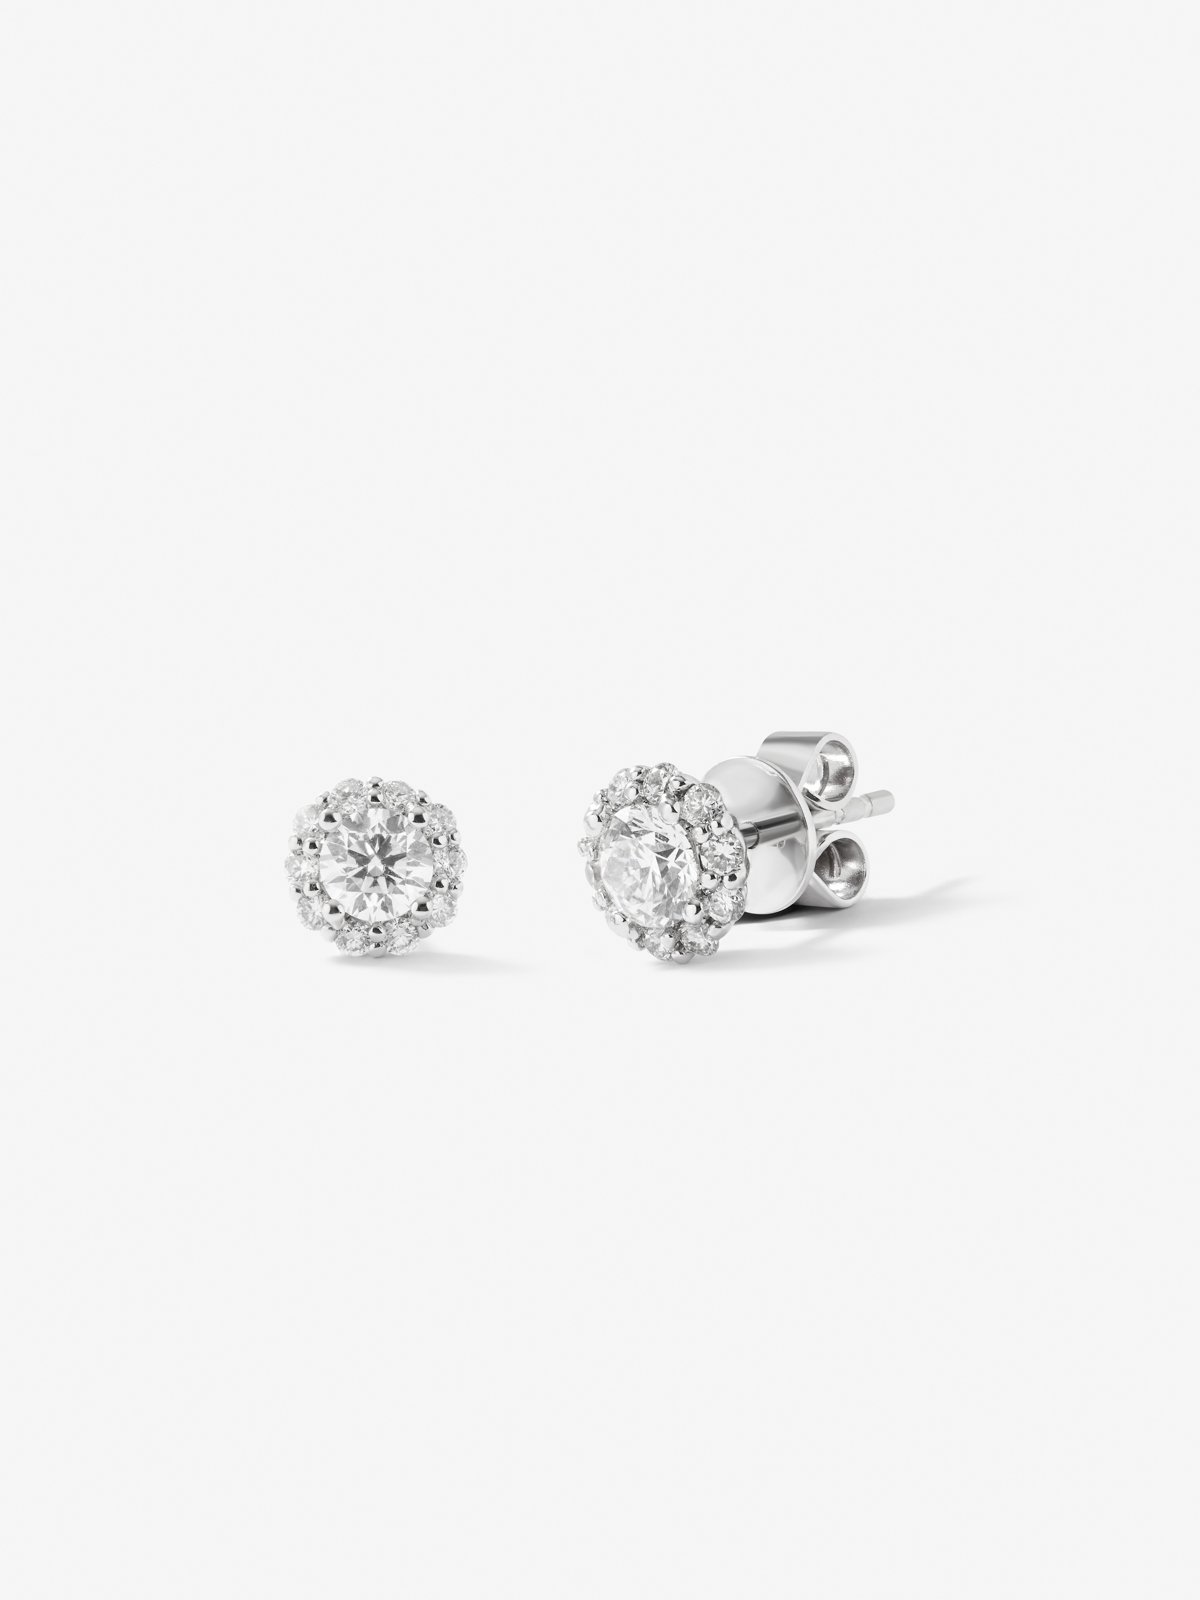 18kt white gold earrings with 0.30cts FVVS2 diamond
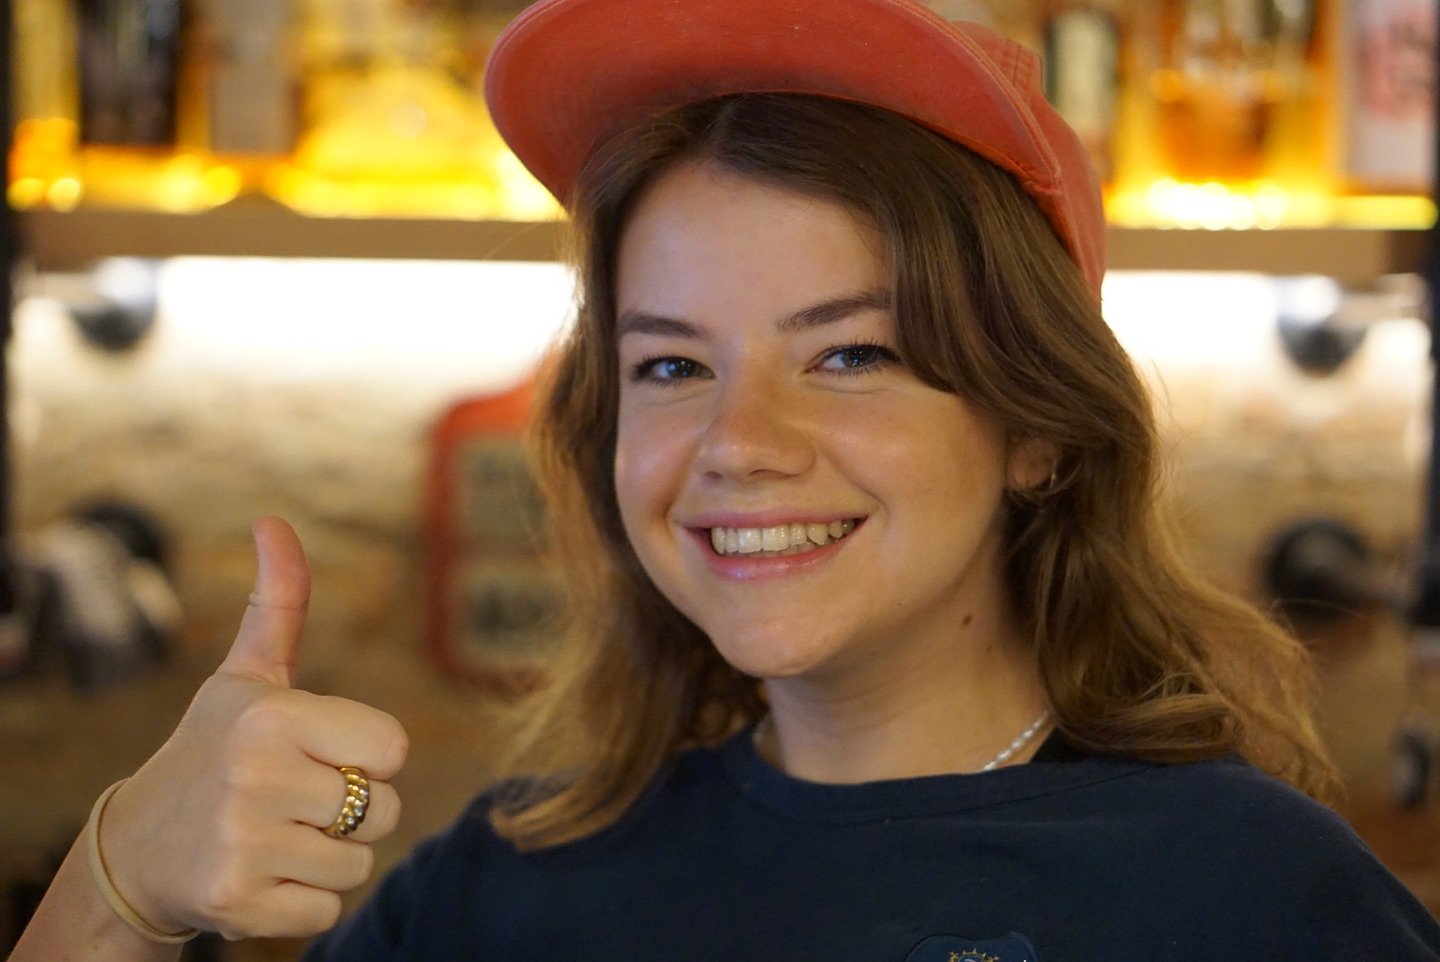 Thumbs up for 𝐓𝐮𝐞𝐬𝐝𝐚𝐲 𝐓𝐫𝐢𝐯𝐢𝐚 and it&rsquo;s ON tonight!

Trivia from 7pm! Get in from 4-6 for Hoppy Hour. Doors open at 4pm.

Anyone can win some beers, beer tabs and impress your mates with your general knowledge💥🧠

Aim of the exercise: Without the pictures, return the whole of the data exactly as given.

Output below:
 18kt white gold earrings with 0.30cts FVVS2 diamond
 Thumbs up for 𝐓𝐮𝐞𝐬𝐝𝐚𝐲 𝐓𝐫𝐢𝐯𝐢𝐚 and it&rsquo;s ON tonight!

Trivia from 7pm! Get in from 4-6 for Hoppy Hour. Doors open at 4pm.

Anyone can win some beers, beer tabs and impress your mates with your general knowledge💥🧠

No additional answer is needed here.